Harney Peak in the distance, the highest point in South Dakota. I’ve hiked to the top of Harney Peak, the hard way. But that is another story.
Bear Butte in the distance.
An offering of aster.
Deadwood Public Library.
A clever use of the old Sinclair Station, turned to a fun lunch spot with an adjoining glass studio, called Mind Blown Studio.
Courthouse, now Post office, in Deadwood, S.D.
The old courthouse in Deadwood, S.D.
Somewhere along the trail to Friendship Tower, I mentioned to Valerie that I’d never been to Crooks Tower. Because I said I’d like to show my elderly father a picture of said visit, we agreed that this was a priority and hatched a plan for Day Two.
Crooks Tower, elevation 7,137 feet, is the highest point in Lawrence County, S.D. The tower is no longer there. You need a Black Hills National Forest map to find it (even better, buy a Crooks Tower quad map). I don’t know if the name of the high point is derived from the existence of the tower or if it was simply called this as an honor to Gen. Crook. There is more information available here. If you google Crooks Tower, you’ll find even more information, and some time in the future I’m going to deep deeper into the historical periodical literature to see what I might find.

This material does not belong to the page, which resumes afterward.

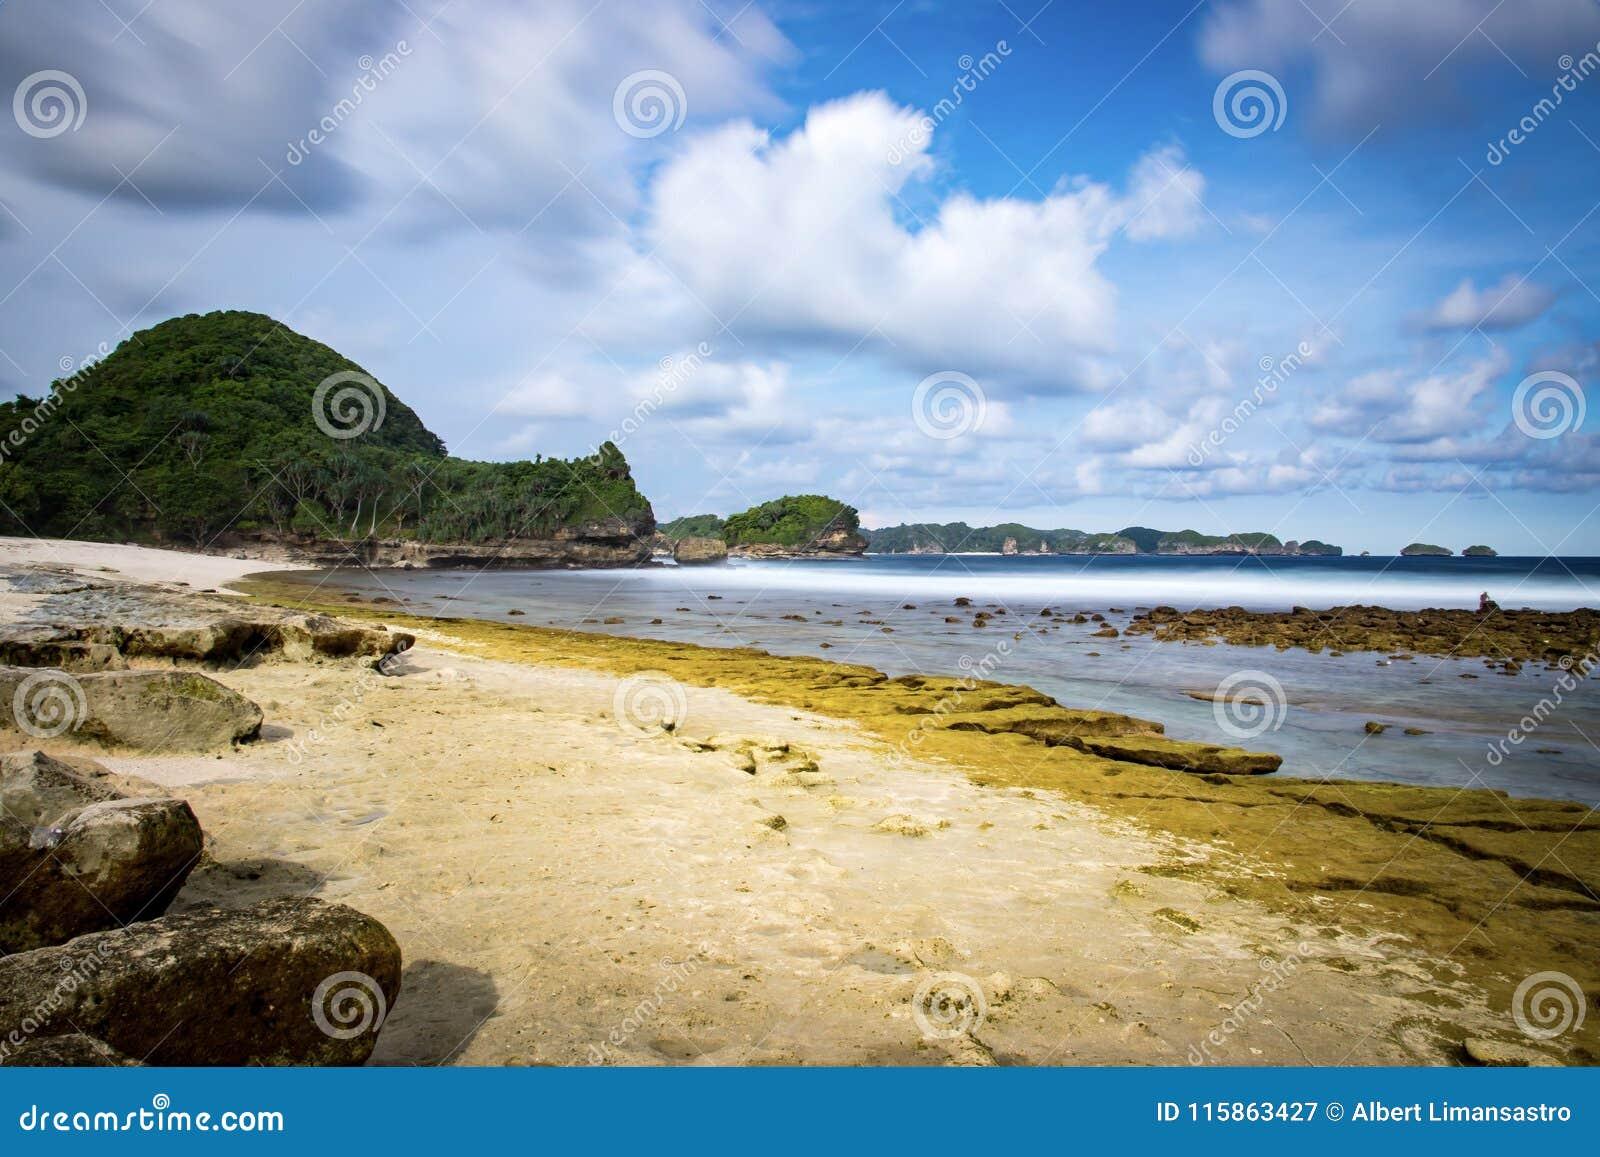 Goa Cina Beach Malang Indonesia Stock Image Image Of Sand Beaches 115863427

To get there, one drives through tiny Rochford, S.D. Although Val has lived in or near the Black Hills for many years, she’d never been there, an added bonus. It is 29.3 miles from the turnoff to Rochford on Highway 385 to the summit of Crooks Peak.
Lillian Crook on Crooks Tower.
Looking down from Crooks Tower.
Very pale version of Sego Lily.
A particularly vibrant Penstemon.
The limestone of the area is prominent here.
Remember my obsession with sunflowers?
The nearest USFS campground. Somewhere near here we spotted a couple of bobolinks.
It is so wonderful to be in the vicinity of clear, running mountain water such as Rapid Creek,.
These former camps are found all around the Black Hills area.
One last stop in Rochford at the tongue-in-cheek “Small of America,” and it was time to say goodbye to Val and point the Toyota in the direction of North Dakota.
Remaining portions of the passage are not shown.